24 April 2011
Experimental study of the mechanism of tolerance induction in dexamethasone-treated dendritic cells
Yu-bo GongABCDEFG, Yi-fei HuangABCDEFG, Yan LiABC, Gen-cheng HanABC, Yu-rong LiABC, Da-jiang WangCDF, Gai-ping DuCDF, Ji-feng YuCDF, Jing SongCDFDOI: 10.12659/MSM.881758
Med Sci Monit 2011; 17(5): BR125-131
Abstract
Background: The aim of this study was to investigate the mechanisms underlying tolerance induction of dexamethasone (Dex)-treated dendritic cells (DCs).
Material/Methods: Well-grown DC2.4 cells were randomly assigned to receive control, 50 µg/L, 100 µg/L, or 200 µg/L of dexamethasone and then were cultured for 6 days. The expressions of CD80, CD86, galectin-9, and PD-L1 on the surface of DC2.4 cells were analyzed with flow cytometry and the level of IL-12 secreted by DC2.4 cells was determined by ELISA. The stimulating activity of DC2.4 cells on allogeneic T cells was assessed with mixed lymphocyte reaction. Dexamethasone-treated DC2.4 cells were co-cultured with allogeneic splenic lymphocytes and the Foxp3 expression in naive T lymphocytes was determined with flow cytometry.

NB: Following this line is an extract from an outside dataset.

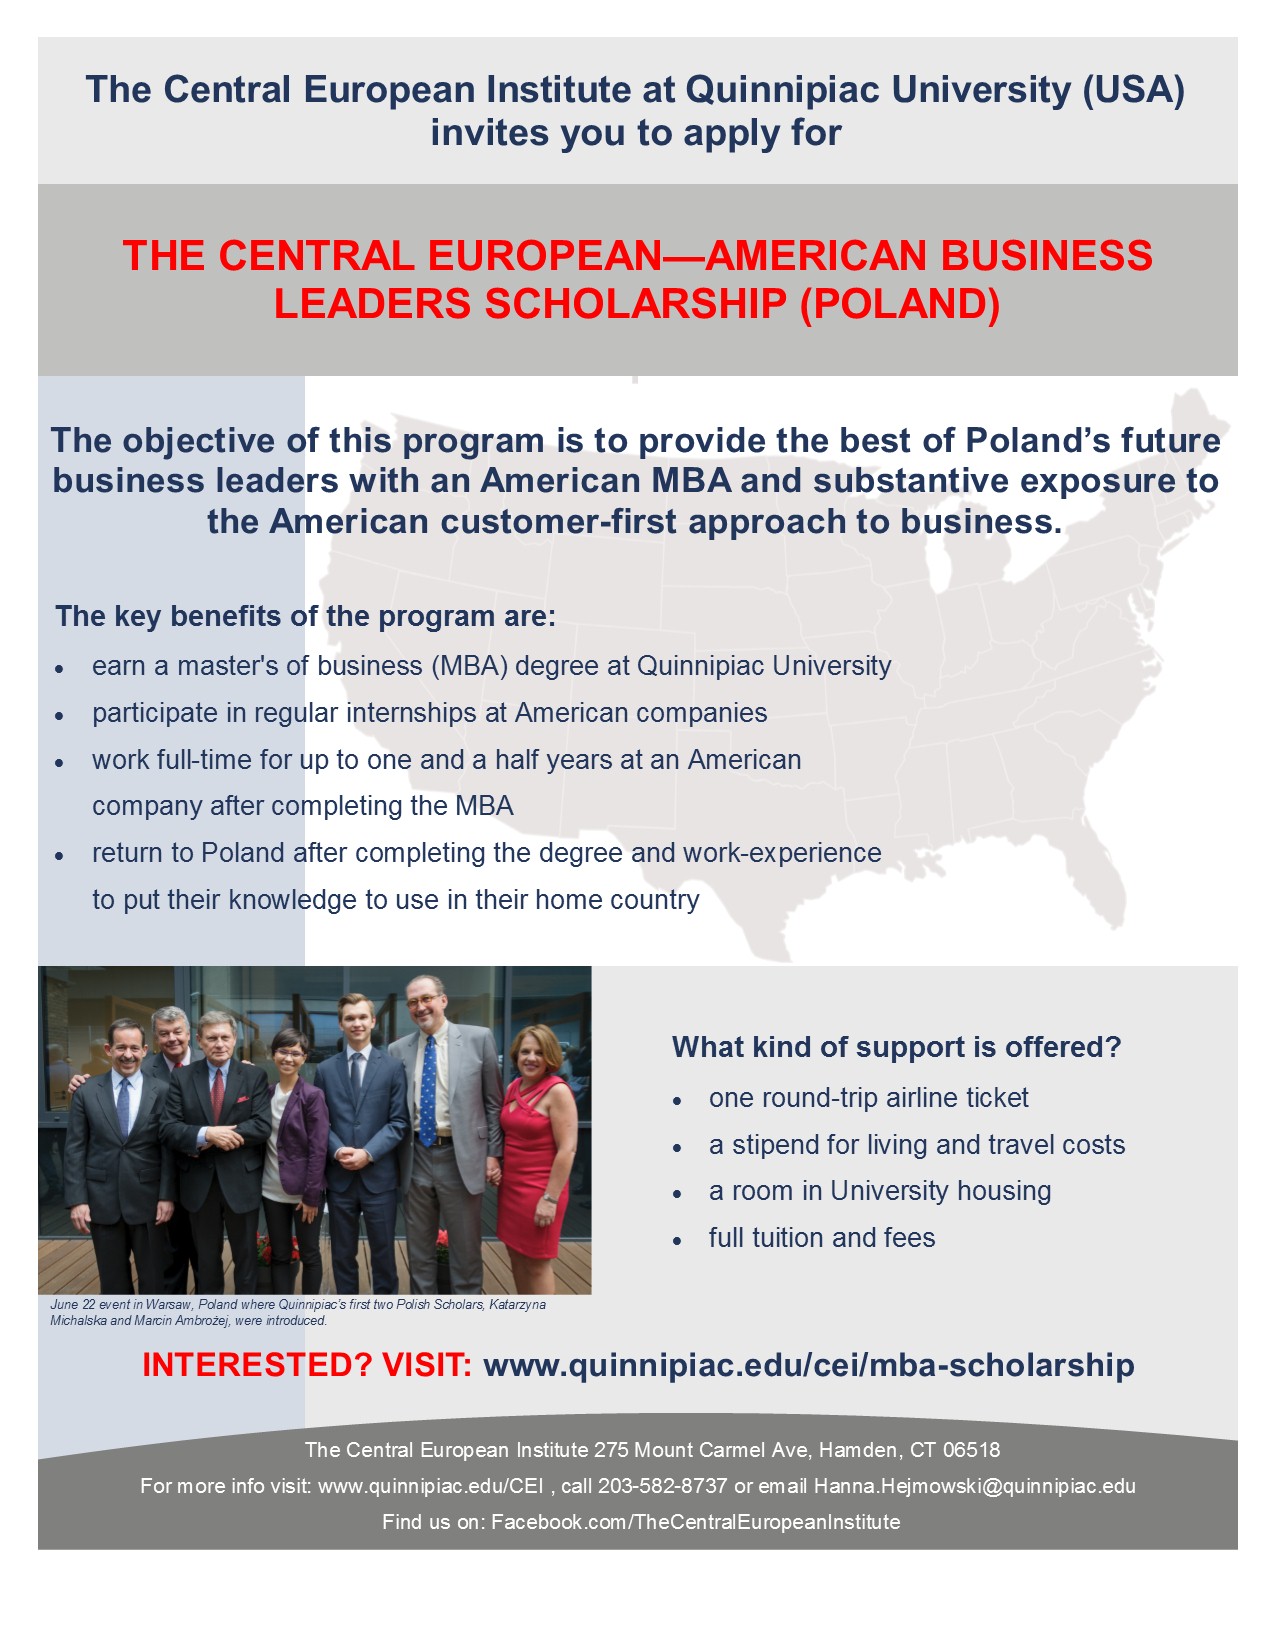 ce-american_business_leaders_scholarship_poster_1

Results: Compared with the control group, the expressions of CD80, CD86, galectin-9, and PD-L1 on the surface of DC2.4 cells exposed to different doses of dexamethasone showed no significant changes; however, dexamethasone treatment significantly reduced IL-12 secretion and inhibited DC2.4’s stimulation on the proliferation of allogeneic T lymphocytes. Moreover, dexamethasone-treated DC2.4 cells effectively promoted FOXP3 expression in naive T lymphocytes.
Conclusions: DC2.4 is a stable cell line with high expressions of CD80, CD86, and PD-L1. Dexamethasone does not significantly change the cell phenotype of DC2.4 cells, but inhibits the secretion of IL-12 cytokine and attenuates DC2.4’s stimulation of the proliferation of allogeneic T cells. Dexamethasone-treated DC2.4 cells also effectively promote FOXP3 expression in naive T lymphocytes.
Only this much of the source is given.